PREGAS Presseportal, Dienstag, 14. Juni, 2016

Gegen das Vergessen – Das Hotel Mondial Berlin übernimmt die Patenschaft für zwei Stolpersteine

(PREGAS) Zwei kleine viereckige Messingplatten sind seit Juni 2016 vor dem Eingang des Berliner Hotel Mondial am Kurfürstendamm im Bürgersteig eingelassen. „Hier arbeitete… Paul und Elsa Redelsheimer“, ist jeweils auf ihnen zu lesen. Mit den Gedenktafeln erinnert der in Berlin geborene Künstler Gunter Demnig seit 20 Jahren an die Opfer der NS-Zeit. Die Patenschaft für die beiden Stolpersteine hat die Direktion des Hotel Mondial übernommen.
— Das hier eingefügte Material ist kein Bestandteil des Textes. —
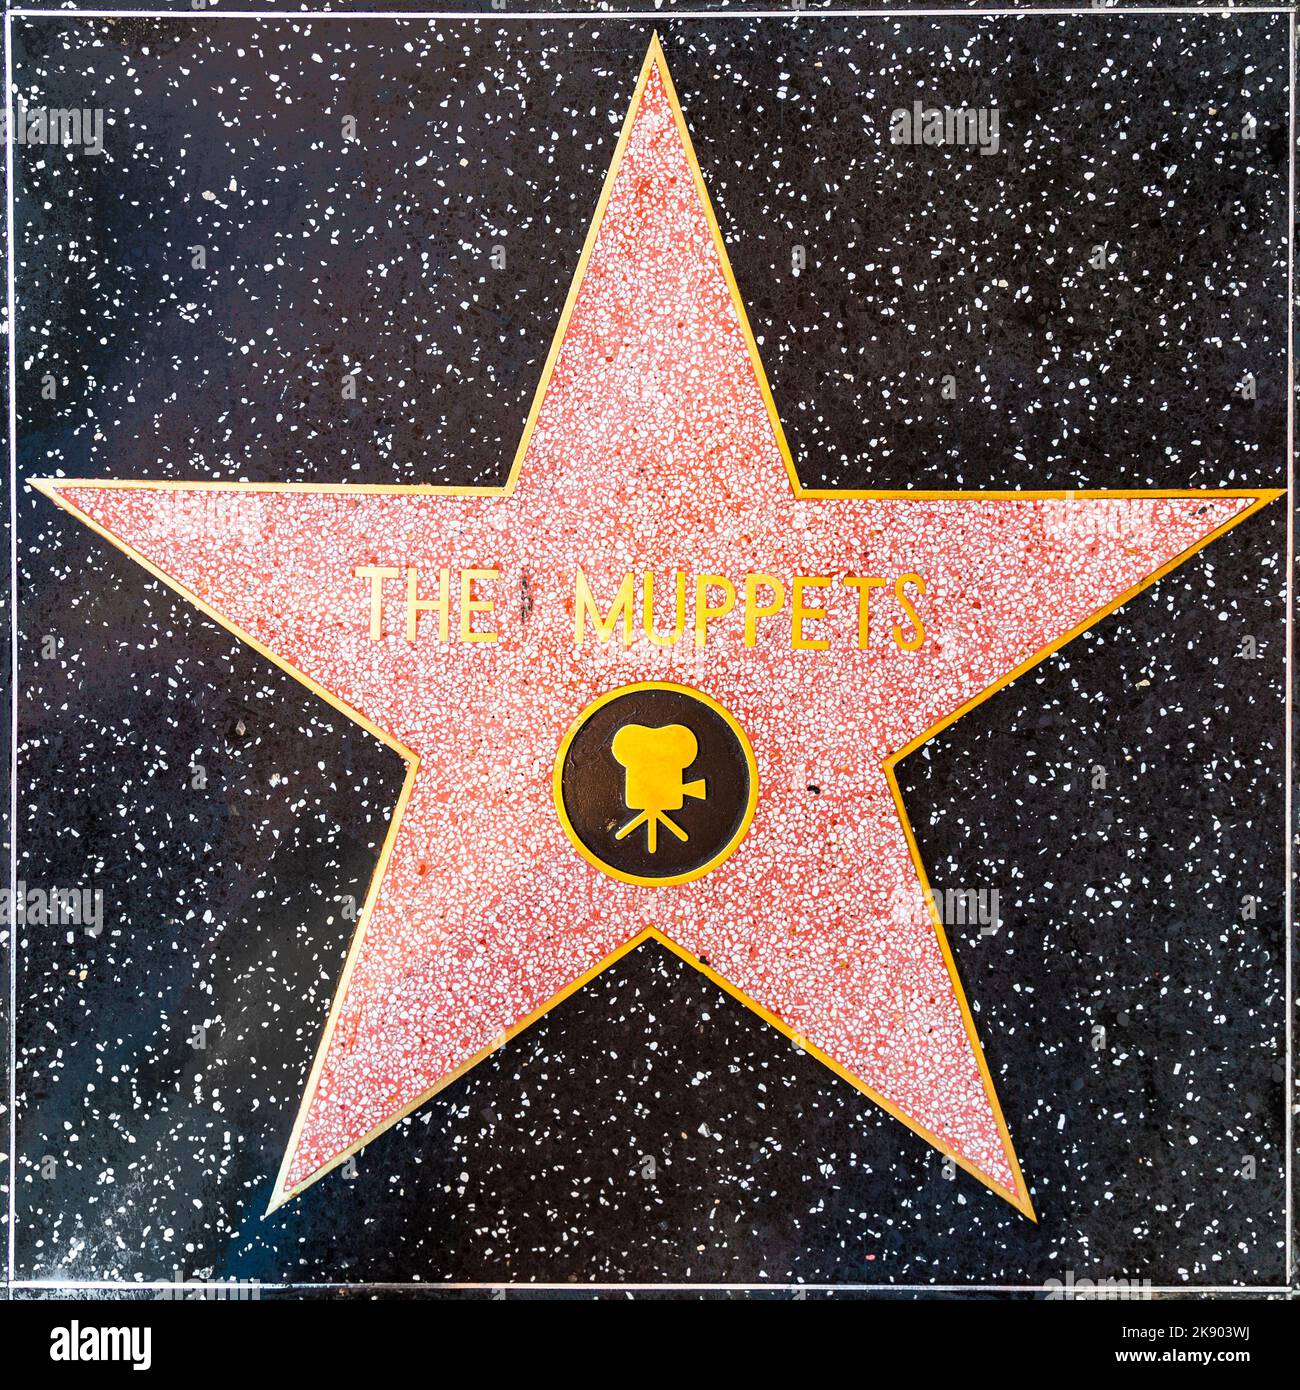 Los Angeles, USA - 24. Juni 2012: Der Muppets-Star auf dem Hollywood Walk of Fame in Hollywood, Kalifornien. Dieses Hotel liegt am Hollywood Blvd. Und ist es auch Stockfoto
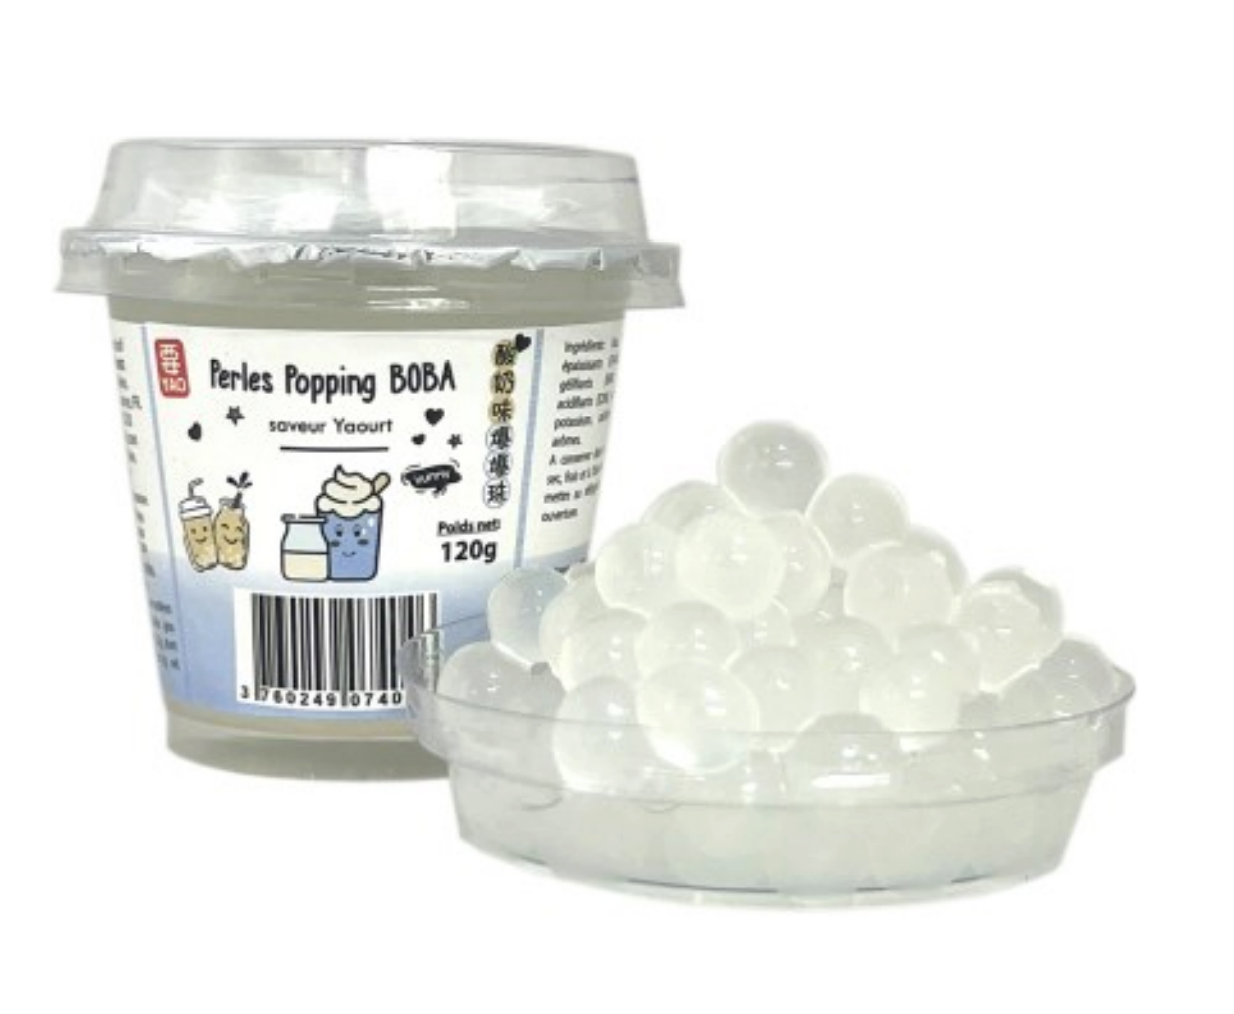 Perles Popping Boba ORIGINAL Bubble Tea - 120g

Christian von Rumohr, geschäftsführender Direktor des 4-Sterne-Hauses, war beseelt von der Idee, die Erinnerung an das Ehepaar Redelsheimer aufrecht zu erhalten. Drei Jahre lang hat er im Landesarchiv und im Charlottenburger Museum zur Geschichte des Grundstücks geforscht. Und war fündig geworden.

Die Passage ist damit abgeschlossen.